1. Field of Invention
The present invention relates to a low voltage differential signal driver and a pre-emphasis circuit, and more particularly, to a low voltage differential signal driver with high switching speed and high resolution and a pre-emphasis circuit thereof.
2. Description of the Related Art
The low voltage differential signal (LVDS) technology is applied in data transmission systems. The LVDS generated by a line driver has a typical value of peak-to-peak voltage, ranging from 250 mV to 450 mV. In cases of high transmission rate, a low-voltage switch is helpful in reducing the power consumption. Therefore, LVDS technology is especially suitable for high-speed data transmission, such as video data processing.
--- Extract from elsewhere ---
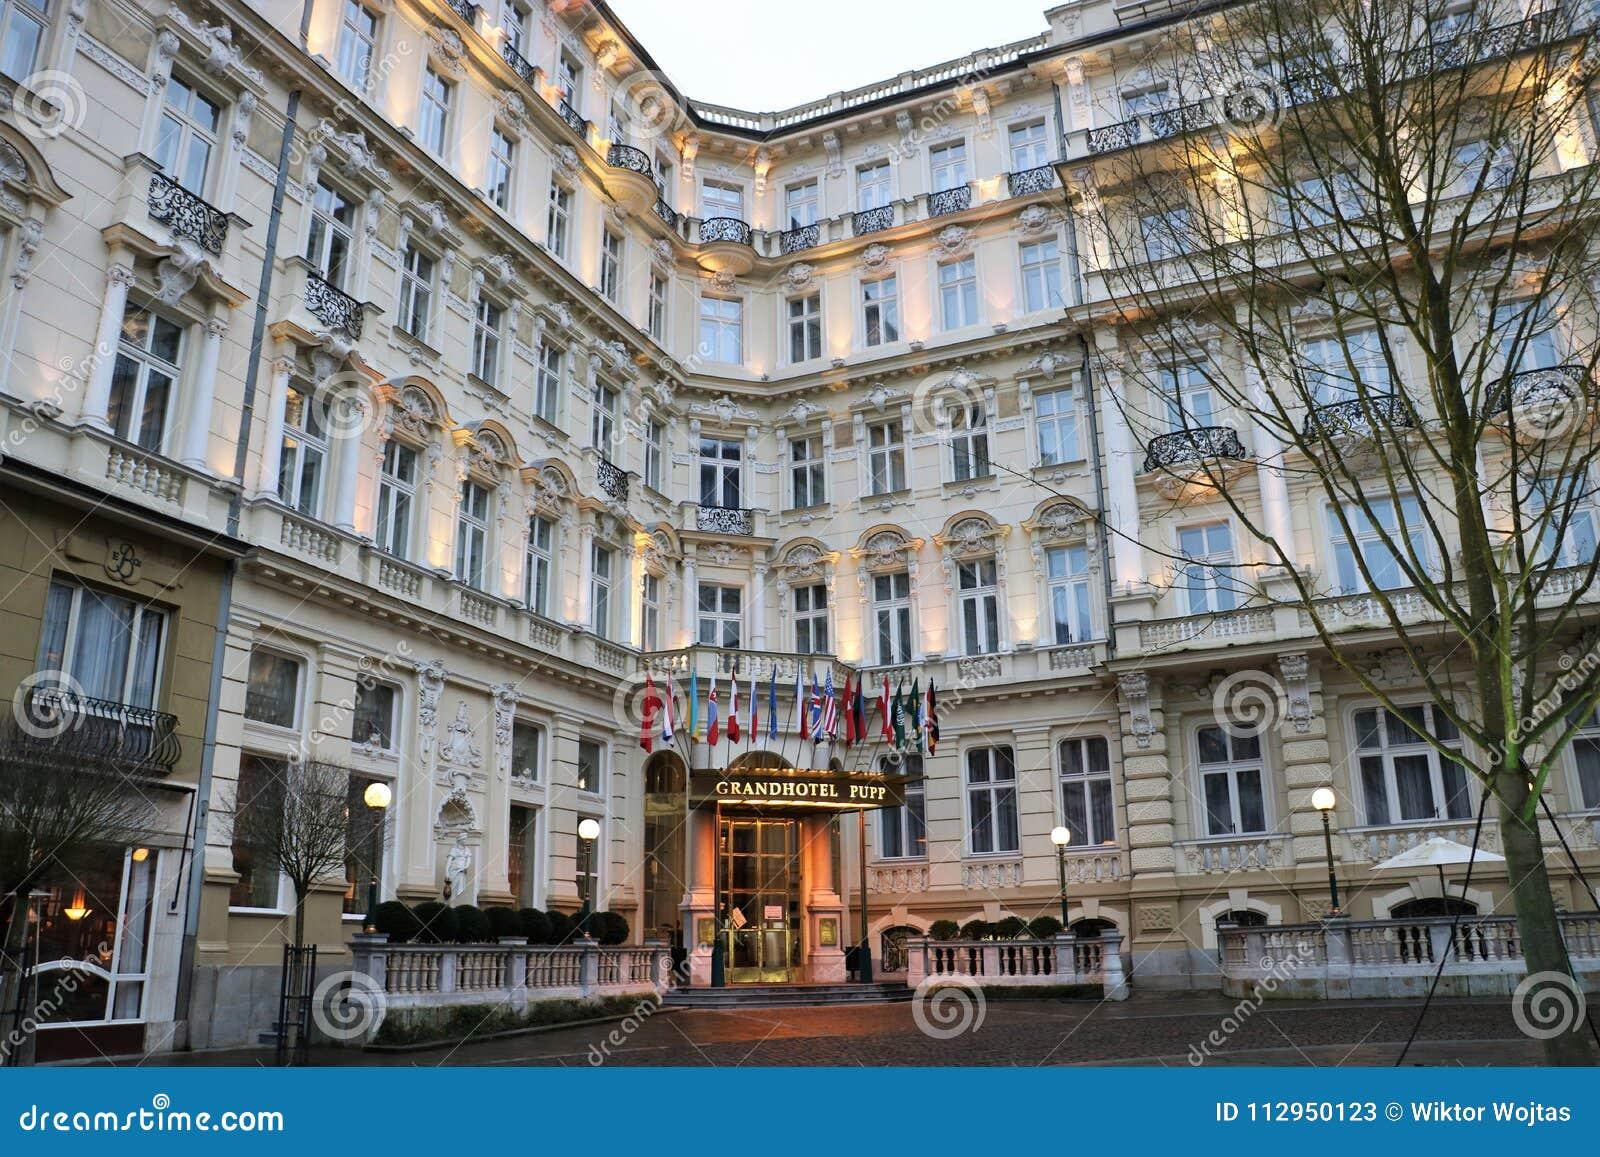 Grandhotel Pupp Karlovy Vary Editorial Stock Photo Image Of Luxury Festival 112950123

In fact, LVDS applications can be found, more or less, in professional video processing devices and electronic consumer products, such as flat panel display and notebook computers.
FIG. 1 is a schematic circuit drawing of a conventional low-voltage differential signal driver. Referring to FIG. 1, the conventional LVDS driver comprises the transistor M11, M12, M13 and M14. Wherein, the first source/drain end of the transistor M11 is connected to a voltage supply VDD via a driving current source I1 and the first source/drain end of the transistor M13. The gate end of the transistor M11 receives a driving signal VIN1. The second source/drain end of the transistor M11 is connected to the first source/drain end of the transistor M12 and one end of a load resistor Rt. Similarly, the gate end and the second source/drain end of the transistor M13 are connected to a driving signal VIN2 and the first source/drain end of the transistor M14, respectively, and the second source/drain end of the transistor M13 is also connected to another end of the load resistor Rt. In addition, the gate end and the second source/drain end of the transistor M12 are connected to the driving signal VIN2 and the ground via a resistor R1, respectively. The gate end and the second source/drain end of the transistor M14 are connected to the driving signal VIN1 and the second source/drain end of the transistor M12, respectively.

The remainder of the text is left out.